DataFrame#

DataFrame

A Daft DataFrame is a table of data.

Note

Most DataFrame methods are lazy, meaning that they do not execute computation immediately when invoked. Instead, these operations are enqueued in the DataFrame’s internal query plan, and are only executed when Execution DataFrame methods are called.

Data Manipulation#

Selecting Columns#

DataFrame.__getitem__

Gets a column from the DataFrame as an Expression (df["mycol"])

Manipulating Columns#

DataFrame.select

Creates a new DataFrame from the provided expressions, similar to a SQL SELECT

DataFrame.with_column

Adds a column to the current DataFrame with an Expression, equivalent to a select with all current columns and the new one

DataFrame.exclude

Drops columns from the current DataFrame by name

DataFrame.explode

Explodes a List column, where every element in each row's List becomes its own row, and all other columns in the DataFrame are duplicated across rows

Filtering Rows#

DataFrame.distinct

Computes unique rows, dropping duplicates

DataFrame.where

Filters rows via a predicate expression, similar to SQL WHERE.

DataFrame.limit

Limits the rows in the DataFrame to the first N rows, similar to a SQL LIMIT

DataFrame.sample

Samples a fraction of rows from the DataFrame

Reordering#

DataFrame.sort

Sorts DataFrame globally

DataFrame.repartition

Repartitions DataFrame to num partitions

Combining#

DataFrame.join

Column-wise join of the current DataFrame with an other DataFrame, similar to a SQL JOIN

DataFrame.concat

Concatenates two DataFrames together in a "vertical" concatenation.

Aggregations#

DataFrame.groupby

Performs a GroupBy on the DataFrame for aggregation

DataFrame.sum

Performs a global sum on the DataFrame

DataFrame.mean

Performs a global mean on the DataFrame

DataFrame.count

Performs a global count on the DataFrame

DataFrame.min

Performs a global min on the DataFrame

DataFrame.max

Performs a global max on the DataFrame

DataFrame.agg

Perform aggregations on this DataFrame.

Execution#

Note

These methods will execute the operations in your DataFrame and are blocking.

Materialization#

DataFrame.collect

Executes the entire DataFrame and materializes the results

Visualization#

DataFrame.show

Executes enough of the DataFrame in order to display the first n rows

Writing Data#

DataFrame.write_parquet

Writes the DataFrame as parquet files, returning a new DataFrame with paths to the files that were written

DataFrame.write_csv

Writes the DataFrame as CSV files, returning a new DataFrame with paths to the files that were written

DataFrame.write_iceberg

Writes the DataFrame to an Iceberg Table, returning a new DataFrame with the operations that occurred.

Integrations#

DataFrame.to_arrow

Converts the current DataFrame to a pyarrow Table.

DataFrame.to_pandas

Converts the current DataFrame to a pandas DataFrame.
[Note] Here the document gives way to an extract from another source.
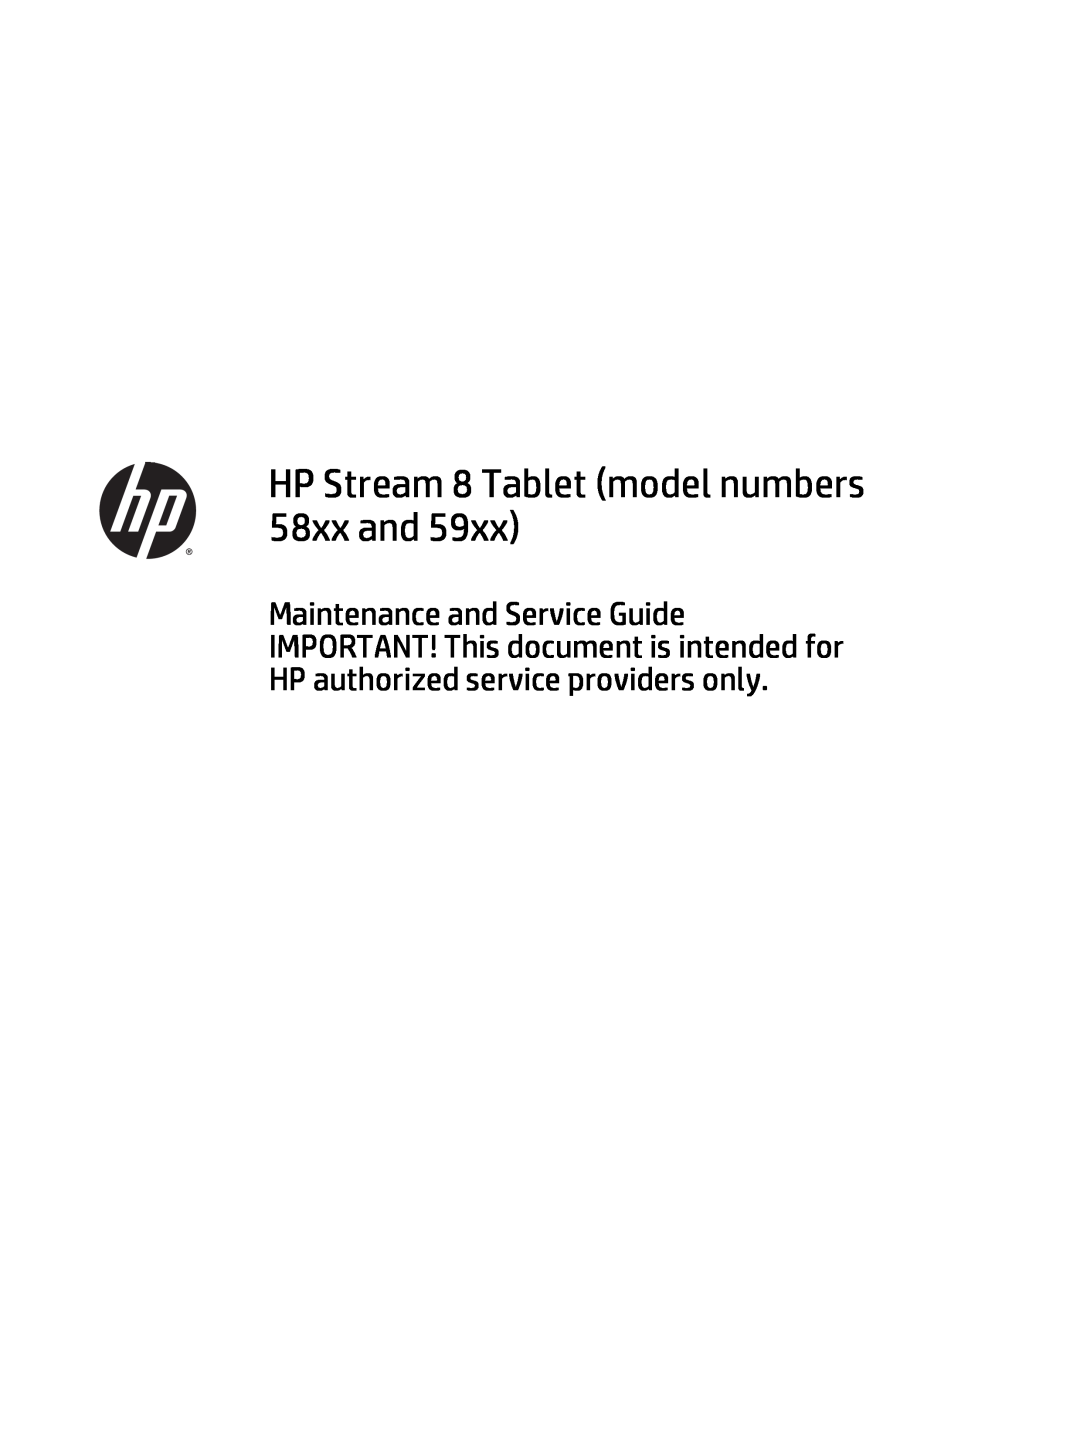 HP Stream 8 - 5801, Stream 8 - 5909 manual HP Stream 8 Tablet model numbers 58xx and

DataFrame.to_torch_map_dataset

Convert the current DataFrame into a map-style Torch Dataset for use with PyTorch.

DataFrame.to_torch_iter_dataset

Convert the current DataFrame into a Torch IterableDataset for use with PyTorch.

DataFrame.to_ray_dataset

Converts the current DataFrame to a Ray Dataset which is useful for running distributed ML model training in Ray

DataFrame.to_dask_dataframe

Converts the current Daft DataFrame to a Dask DataFrame.

Schema and Lineage#

DataFrame.explain

Prints the (logical and physical) plans that will be executed to produce this DataFrame.

DataFrame.schema

Returns the Schema of the DataFrame, which provides information about each column

DataFrame.column_names

Returns column names of DataFrame as a list of strings.